You’ve gathered enough res for the business idea you’ve been doing for years, got the right people on your side, you’re mentally prepared for the stress of landing it and you’re excited.
As most businesses nowadays revolve around technology, your next step is what technology your new company will use. Below is just the beginner guide you’ll ever need.
When it comes to the right platform for your product, there are two main contenders to consider – mobile and web.
Q: Does this idea look like it will fit neatly into a mobile application? Is this more of a forum? However, remember that one does not negate each other.
It is sometimes preferable for two platforms to coexist, creating a more flexible product. Choosing when you are a beginner seems very rare and you can always create a complementary web page or app after launching the product.
pay attention: It is usually safer to go for web apps as they are more flexible and leave room to fix the error. They also do not require cross-platform compatibility of Android / iOS dedicated apps.
Selection of equipment
Now is the time to think about what devices your company will use – an option that may seem daunting, especially if you follow the trend of ‘bringing your own equipment’ to your employees.
Nevertheless, your business needs a reliable and powerful customer tool and this choice can ultimately make a world of difference. Your primary options in this area include:
- Desktop. PCs are pricier, but much more powerful. While you don’t necessarily need them from the get-go, at least a dedicated desktop computer makes performance more intuitive.

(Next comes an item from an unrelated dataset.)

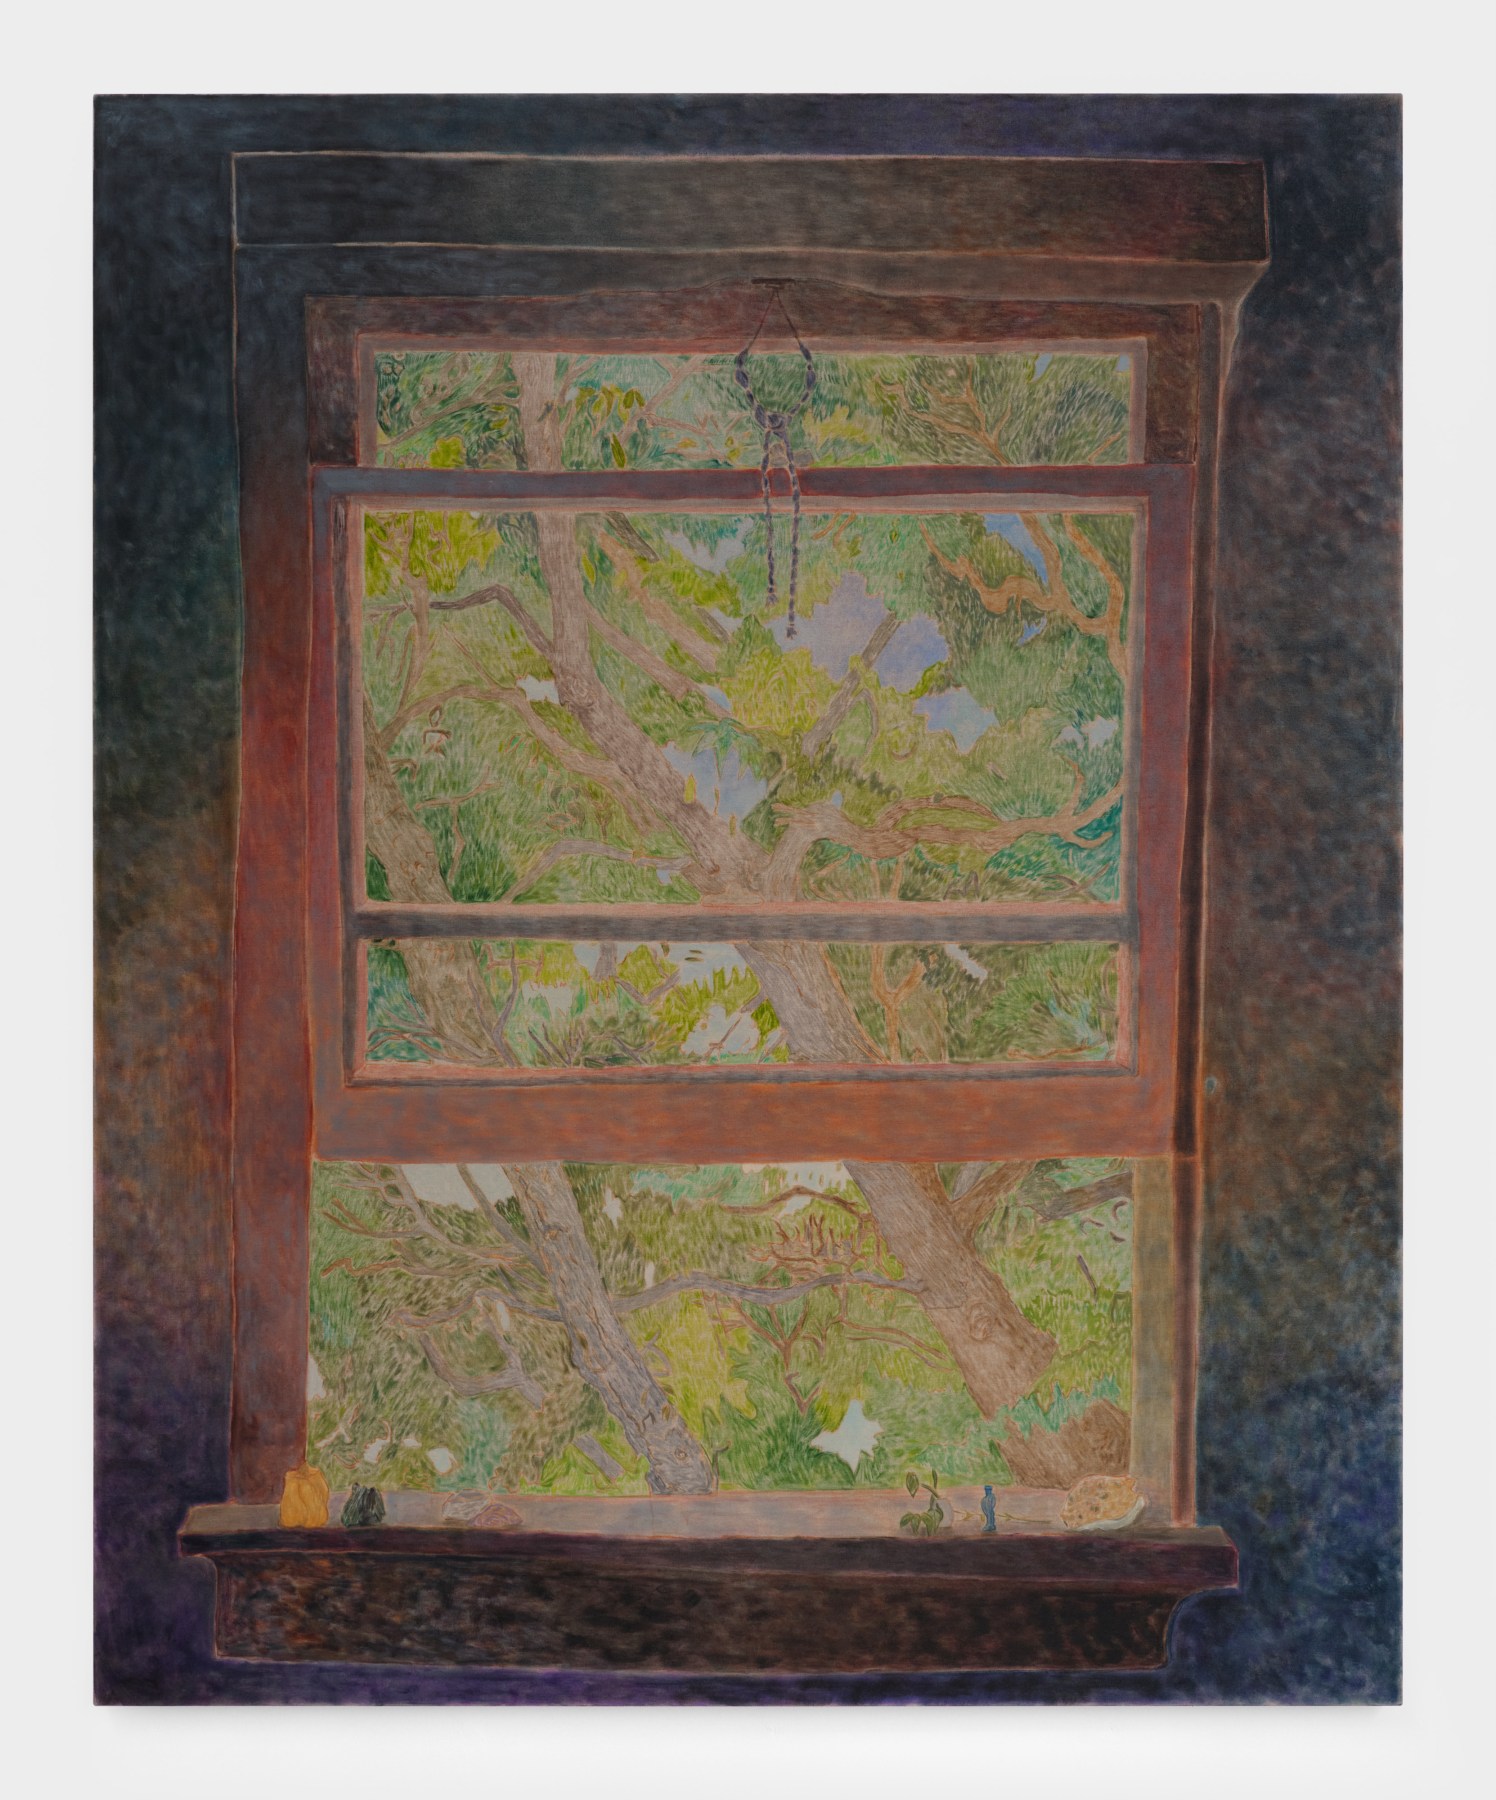 Hayley Barker, View from Isa's Window, 2022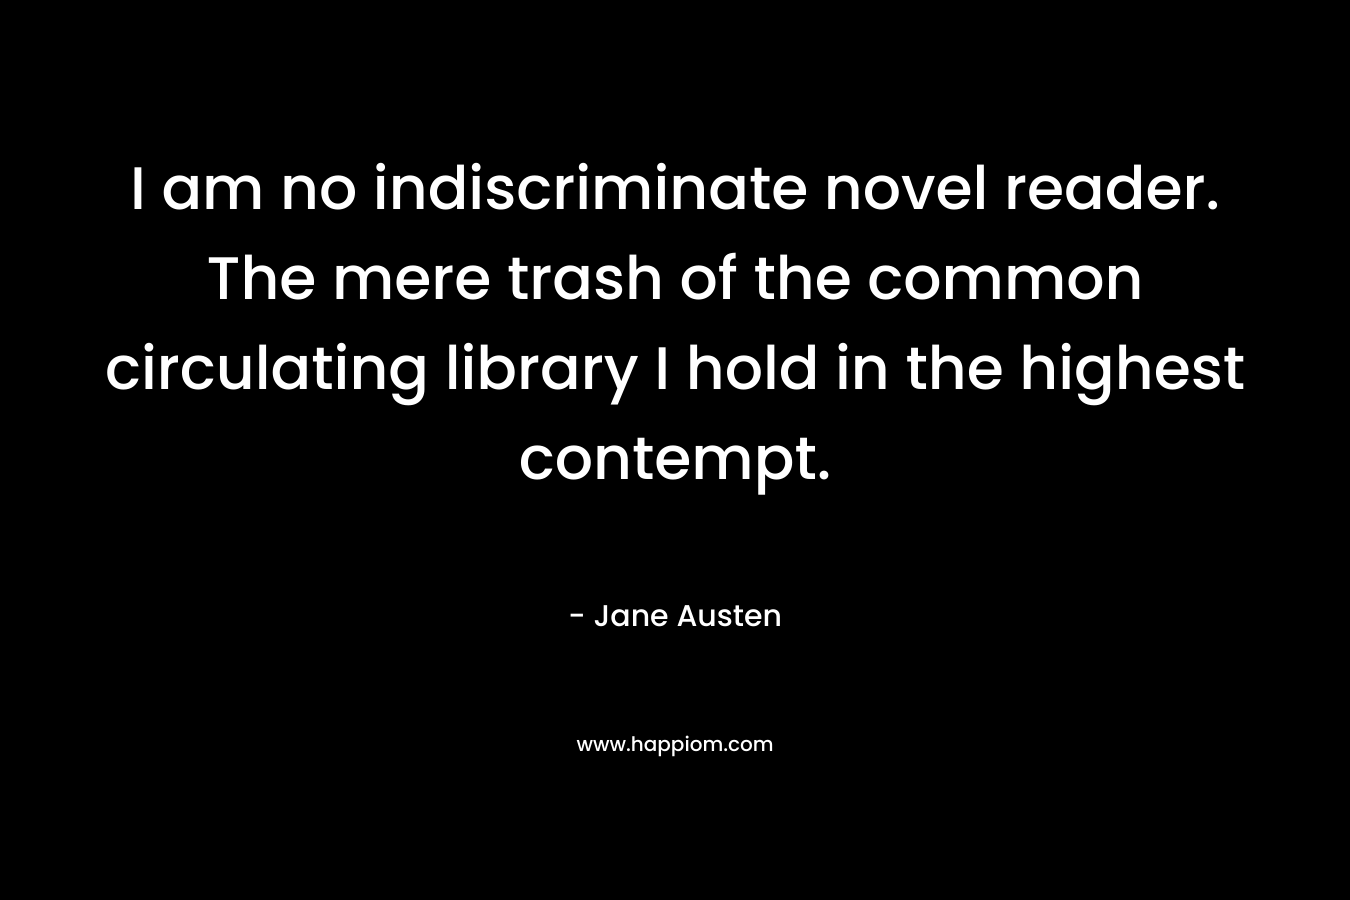 I am no indiscriminate novel reader. The mere trash of the common circulating library I hold in the highest contempt. – Jane Austen

- Laptop. These devices are much more compact than desktops but have similar capabilities. If your business plan involves too much mobility, you will need at least one of the more complex tasks, such as memos, writing and running statistics.
- Smartphones. Modern businesses are all about quick communication, so many use smartphones as primary customer devices. They are a simple way to communicate with vendors and partners, especially with the many mobile business apps now available.
- Pills. These gadgets combine smartphone flexibility and laptop capabilities, making them great for complex business operations on the go.
Of course, you can, and sometimes, mix and match these and add more equipment to your supply as your business grows. For starters, choosing one or two should be good enough.
Operating system selection
You know what you are building and what equipment you are using in your company. The next step is picking up the operating system for your devices. Let us examine the pros and cons of the three most prominent options.
Windows: According to recent counts, about 80% of the total market runs on this OS. Therefore, going to Windows does not require nearly any training for your employees, at least the basics. In addition, its comprehensiveness ensures that you will not face software compatibility issues. On the other hand, Windows is notoriously prone to cyber attacks, which means that you will have to spend more time and money implementing security systems.
Mac OS: Mac is famous for running smoothly, causing nothing but software problems, and giving you lots of effortless power. Nevertheless, while high-end Macs are super-computers, they are quite expensive. If you are spending so much on a computer, then you should also consider a strong antivirus for Mac so that you can protect your investment.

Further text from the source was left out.